This blog is intended to go along with Population: An Introduction to Concepts and Issues, by John R. Weeks, published by Cengage Learning. The latest edition is the 13th (it will be out in January 2020), but this blog is meant to complement any edition of the book by showing the way in which demographic issues are regularly in the news.

You can download an iPhone app for the 13th edition from the App Store (search for Weeks Population).

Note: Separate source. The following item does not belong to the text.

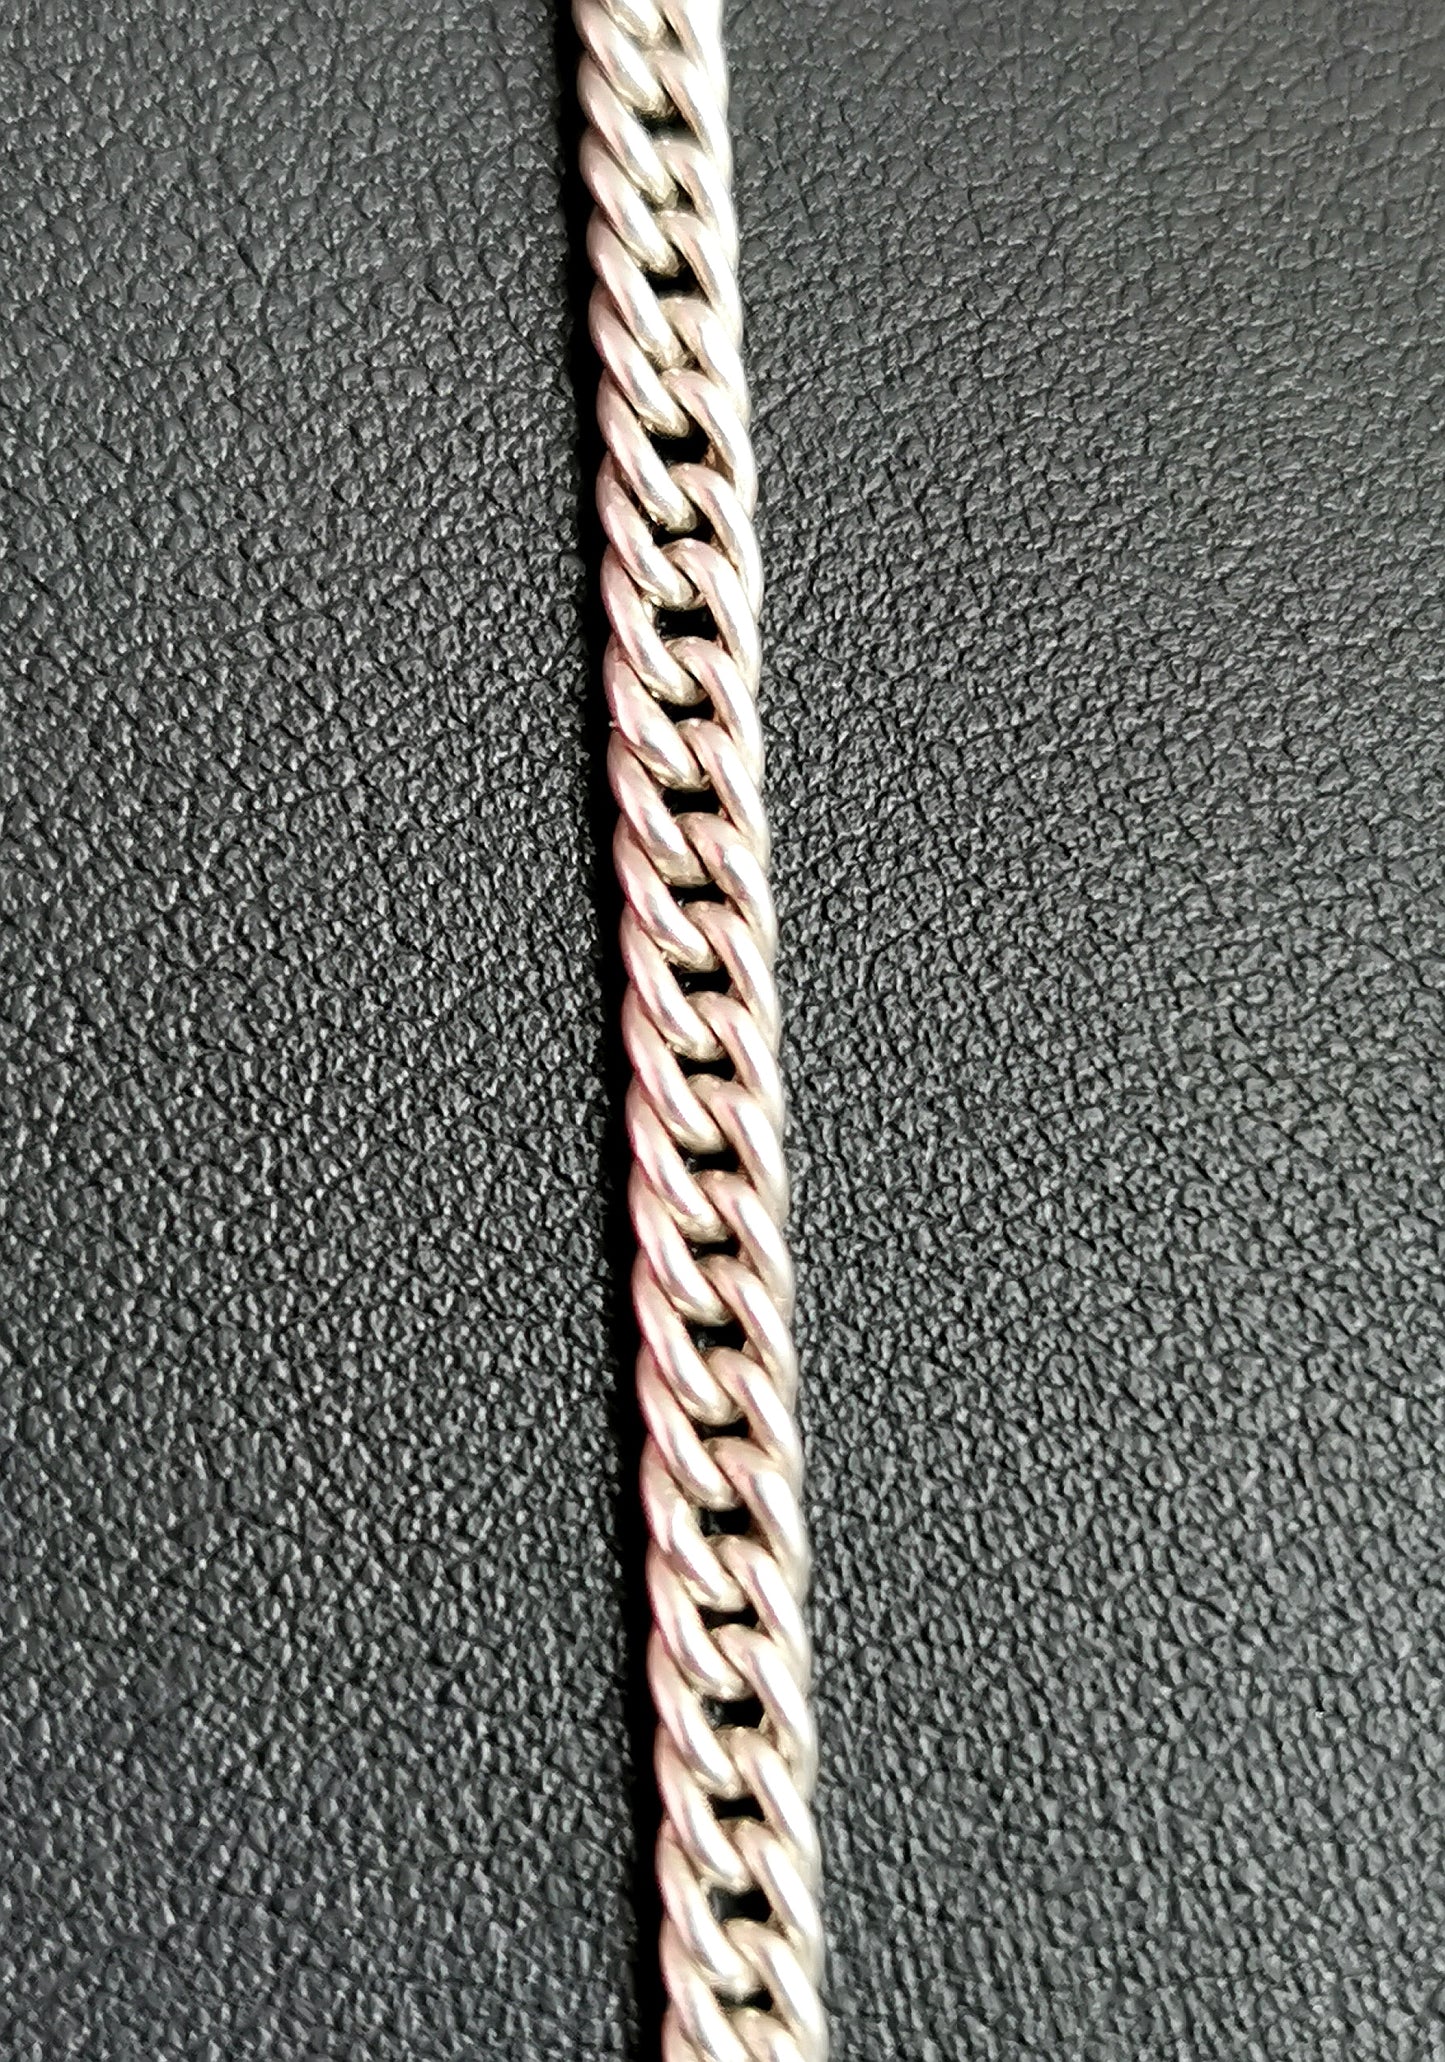 Antique Victorian silver curb link necklace

If you are a user of my textbook and would like to suggest a blog post idea, please email me at: john.weeks@sdsu.edu

Friday, December 2, 2011

A Conversation About Global Population Growth

The New York Times today published a lengthy Op-Ed "conversation" between Serge Schmemann, editor of the International Herald Tribune Magazine, and three population experts/thinkers: Hania Zlotnik, who heads up the Population Division of the United Nations (which produces the most famous of the population projections suggesting that we may well be sharing the planet with 10 billion people by the end of this century); Chandran Nair, who is the founder of the Global Institute For Tomorrow, an independent, for-profit think tank based in Hong Kong, and the author of Consumptionomics: Asia’s Role in Reshaping Capitalism and Saving the Planet; and Fred Pearce, a British science writer and the author of Peoplequake: Mass Migration, Ageing Nations and the Coming Population Crash. So, the conversation includes a demographer (Zlotnik), an environmentalist (Nair), and a science writer (Pearce). Out of this came a very articulate and compelling set of ideas (by which I mean, of course, that I am generally in agreement with what they have to say!). It is a lengthy article that deserves a careful reading, but here are the concluding comments:

NAIR: The next 30 years are critical, and this is why this issue of consumption and the growing global sense of entitlement and privilege needs to be addressed very decisively and critically by the governments here. Billions in Asia cannot aspire to all have more, because we don’t have the time for it to correct itself. It comes back to how we plan to live in a constrained resource base, and that will require very strong state institutions starting to dictate — I use that word very deliberately — how we create a new society around protecting these resources by curbing excessive consumption.
PEARCE: In my optimistic frame of mind, I do think that, as we age as a society, we may become less consumerist, less concerned with economic growth, more concerned about well-being and happiness and living environmentally sustainable lives. I think the end of population growth will give us the chance to solve the environmental problems, solve the resource problems, without the constant fear that anything we do will be overwhelmed by population growth. We have the chance to think, “Look, these things are in our own hands.” With good governance, of the kind that Chandran is talking about very persuasively, we can get it right, even now.
ZLOTNIK: I agree. The chance of achieving a stable population is much better today than it was 50 years ago. Populations have grown enormously and yet the world has not collapsed, although, as Chandran says, we haven’t paid for everything that we have used. The payment will have to be made by future generations and it is important that the changes in population growth achieved so far continue in the same direction so that young people today and in the future have more degrees of freedom in tackling the problems that they will face.